Basically I think formats with syntax typed primitives always run into this problem: even if the encoder and decoder are consistent with each other about what the values are, the receiver still has to decide whether it can use the result. This after all is the main benefit of a library like Pydantic. But if we’re doing all this work to make sure the object is correct, we know what the value types are supposed to be on the receiving end, so why are we making a needlessly complex decoder guess for us?

  • NaN is not a valid value in JSON. Neither are 0123 or .123 (there must always be at least one digit before the decimal marker, but extraneous leading zeroes are disallowed).

    JSON was originally parsed in javascript with eval() which allowed many things that aren't JSON through, but that doesn't make JSON more complex.

    • That’s my point, though! I’ve run into popular JSON libraries that will emit all of those! 9007199254740993 is problematic because it’s not representable as a 64 bit float. Python’s JSON library is happy to write it, even though you need an int to represent it, and JSON doesn’t have ints.

      Edit: I didn’t see my thought all the way through here. Syntax typing invites this kind of nonconformity, because different programming languages mean different things by “number,” “string,” “date,” or even “null.” They will bend the format to match their own semantics, resulting in incompatibility.

      4 replies →

    • Yeah I would emit NaN and just hope the receiver handles it.

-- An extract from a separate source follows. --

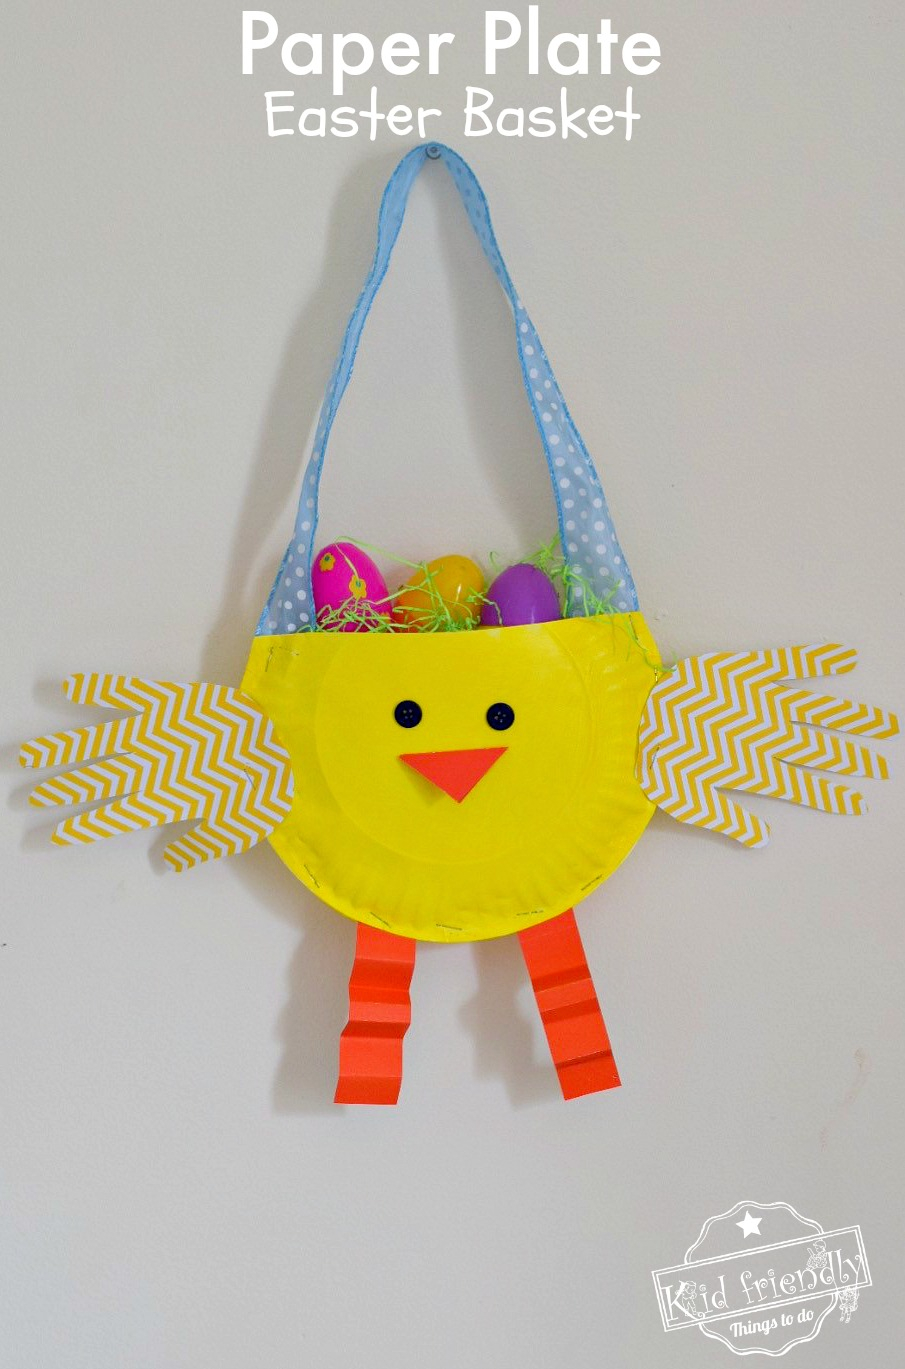 Origami Easter Basket Diy Paper Plate Chicken Easter Basket Craft For Kids
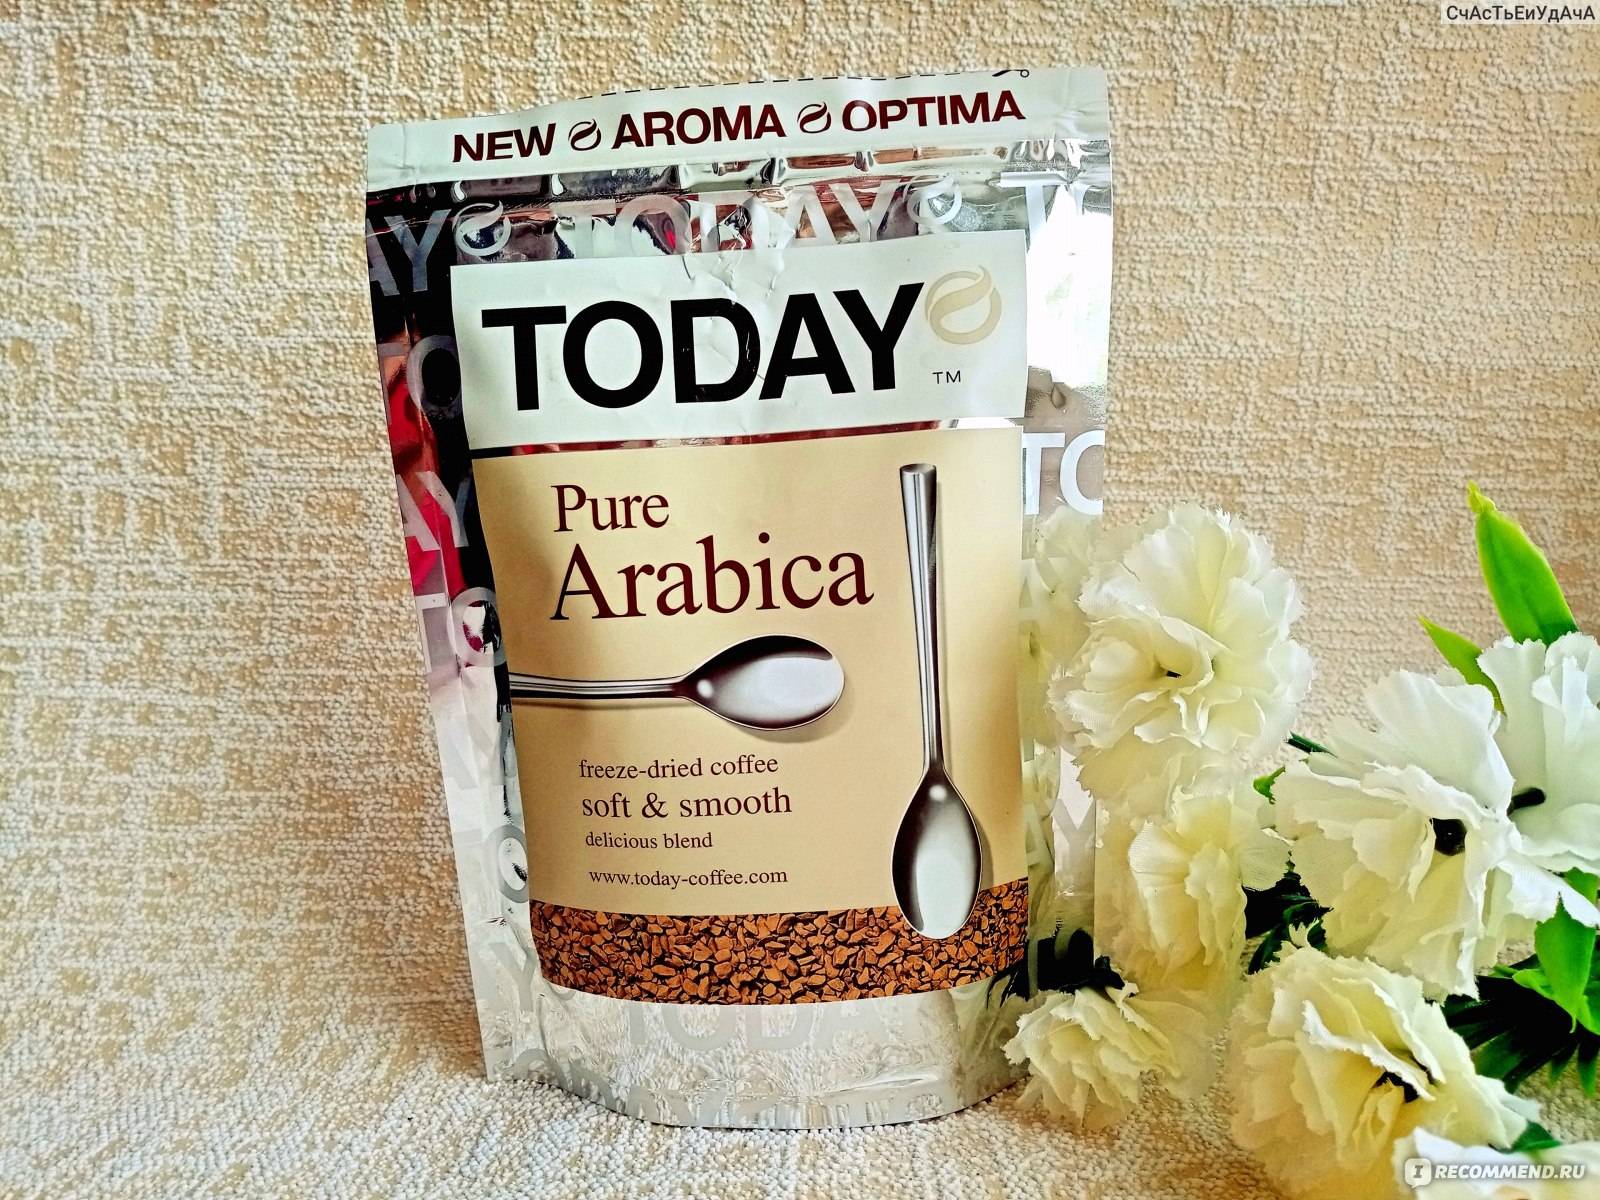 Отзывы кофе today pure arabica » нашемнение - сайт отзывов обо всем

      What's the point of lying about the data?

      The format offers you no data type that would not be an outright lie when applied to this data, so you may as well not lie and break the format

      1 reply →

> you have only the fundamental datatypes as a requirement

Not really; the set of datatypes has problems. It uses Unicode, not binary data and not non-Unicode text. Numbers are usually interpreted as floating point numbers rather than integers, which can also be a problem. Keys can only be strings. And, other problems. So, the data types are not very good.

And, since it is a text format, it means that escaping is required.

> And while you have to write type converters all the time for datetime, BLOBs etc.

Not having a proper data type for binary means that you will need to encode it using different types and then avoids the benefit of JSON, anyways. So, I think JSON is not as helpful.

I think DER is better (you do not have to use all of the types; only the types that you are using is necessary to be implemented, because the format of DER makes it possible to skip anything that you do not care about), and I made up TER which is text based format which can be converted to DER (so, even though a binary data is represented as text, it is still representing the binary data type, rather than needing to use the wrong data type like JSON does).

> And you can complain or explain with JSON: "Comments not a feature?! WTF!" - Add a field with the key "comment"

But then it is a part of the data, which you might not want.

CBOR (and MsgPack) still embraces that simplicity. It provides the same types of key-value, lists, and basic values.

However the types are more precise allowing you to differentiate between int32’s or int64’s or between strings or bytes.

Essentially you can replace json with it and gain performance, less ambiguity but with the same flexibility. You do need a step to print CBOR in human readable form, but it has a standardized human readable form similar to a typed json.